Born in 1969, Lulu Kennedy grew up between Ibiza, Devon, & Sicily, spending the early 1990s, a decade she was heavily influenced by, working on raves in Naples, Italy. Upon returning to the UK in 1995, she got a job in a vintage shop at Kensington Market and found herself drawn into fashion.

==Career==
In 1996 Kennedy started working for the owners of the Old Truman Brewery on Brick Lane in East London. Together in 2000 they launched a non-profit initiative, Fashion East, dedicated to scouting and nurturing young designers, enabling them to show at London Fashion Week.

She set up MAN in 2005 in partnership with Topman – an identical support scheme for emerging menswear designers. Kennedy launched Jonathan Saunders, House of Holland, Roksanda Ilincic, Gareth Pugh, Richard Nicoll, Christopher Shannon, Charles Jeffrey, and Craig Green.

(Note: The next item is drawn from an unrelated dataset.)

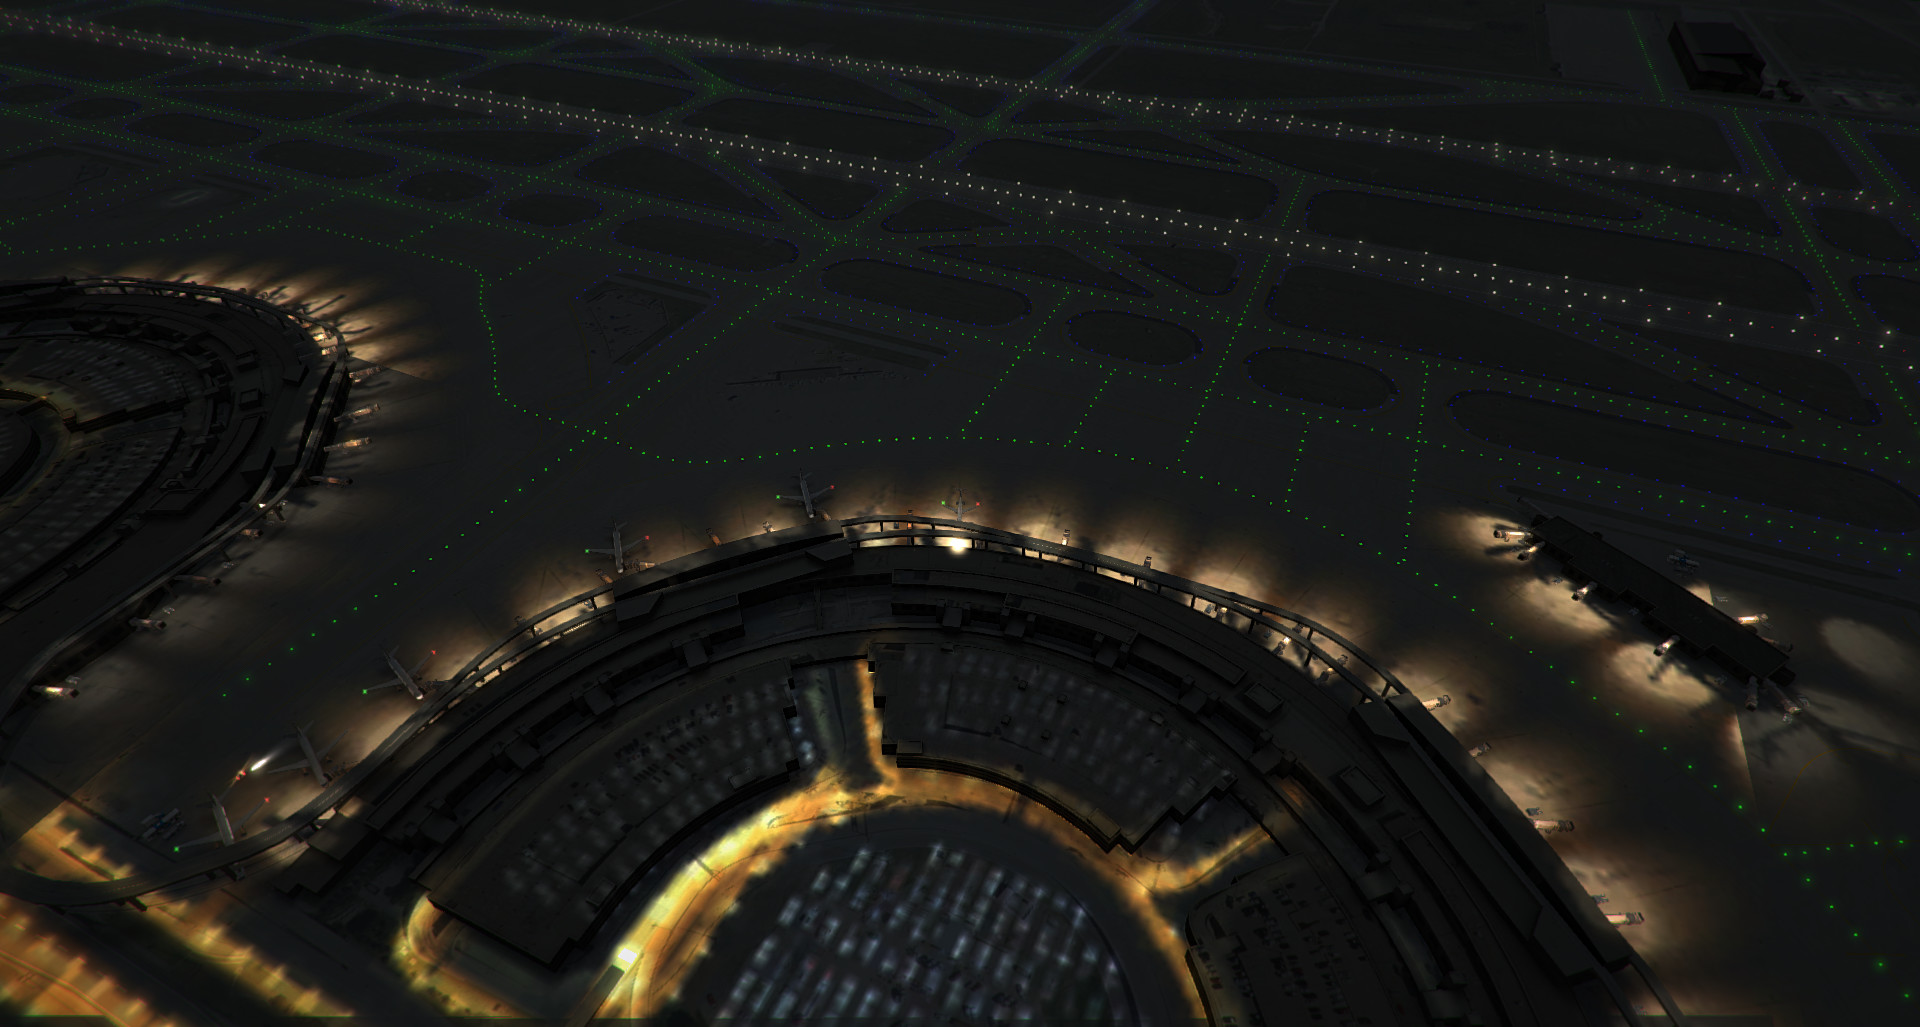 Tower!3D Pro - KDFW airport screenshot
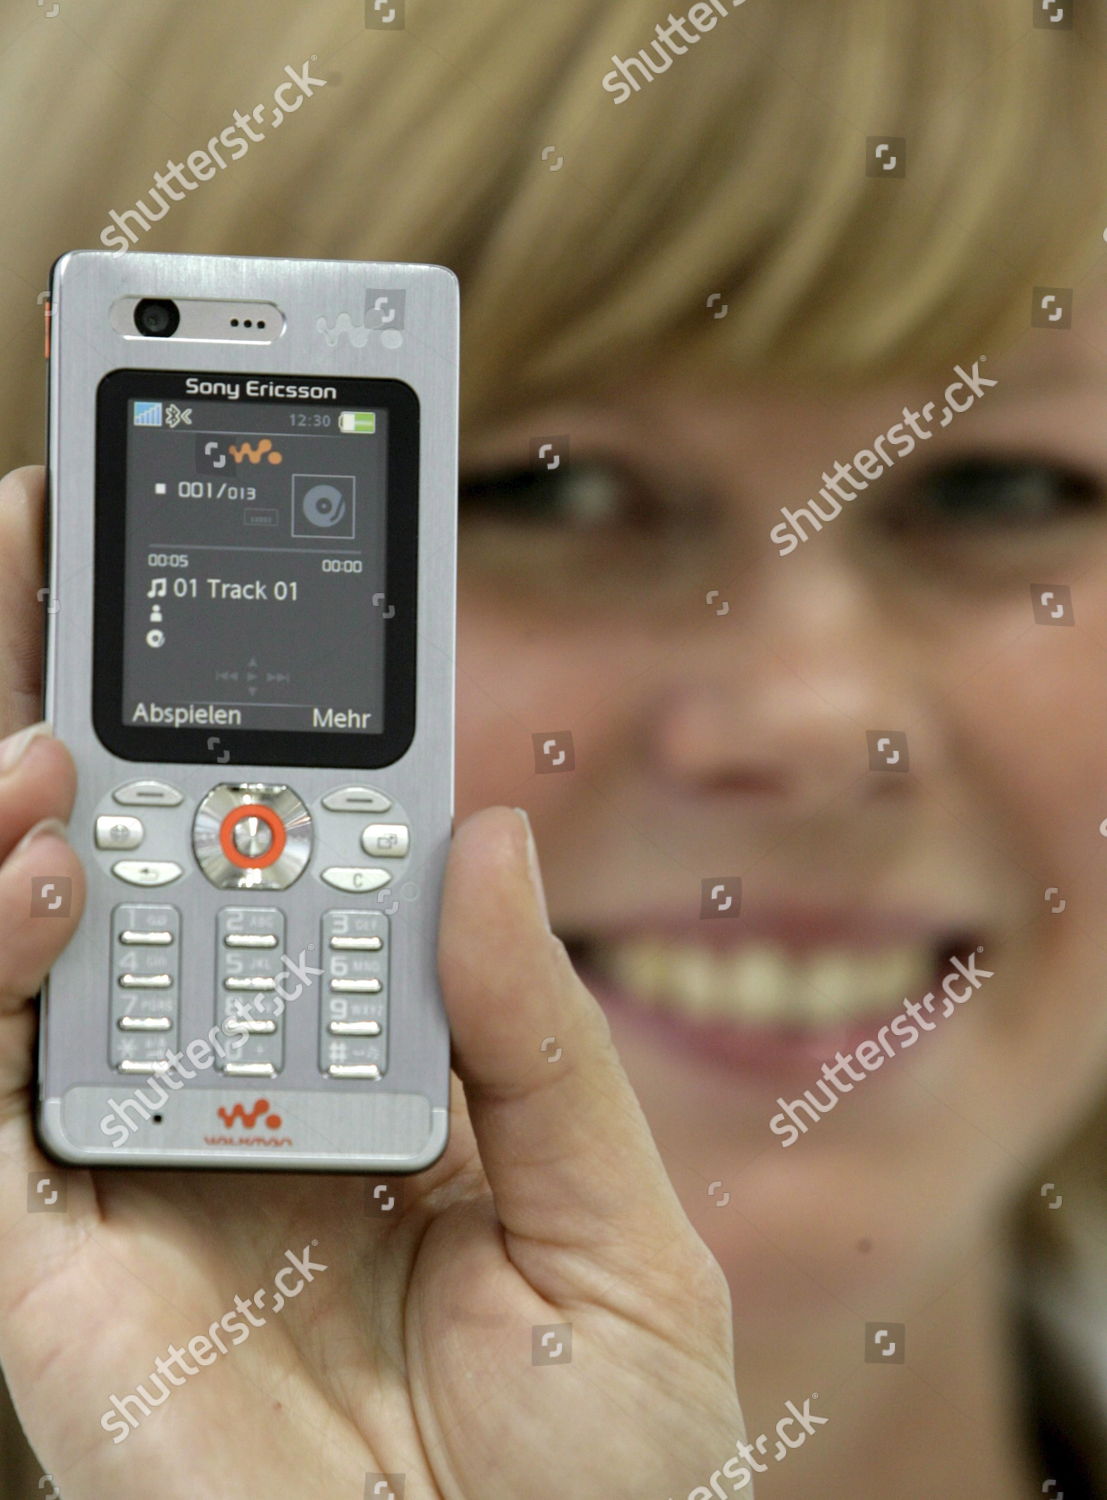 Novo telefone celular Sony Ericsson W880i em segunda mão durante

Kennedy launched her own clothing brand Lulu & Co in 2010 to mark Fashion East's 10th anniversary. Initially created as a limited edition capsule collection of ten archive dresses by ten Fashion East designers, Kennedy went on to develop the line in house, often collaborating with friends such as artists Tim Noble & Sue Webster, Barry Reigate, Bella Freud & Susie Bick, art director Boyo Studio, and photographer Mary McCartney. It is carried internationally at stockists including Liberty and Net-a-Porter.

==Personal life==

Kennedy was married to artist and photographer Mat Collishaw from 2007 to 2008.

Kennedy's daughter was born in March 2014. They live in East London.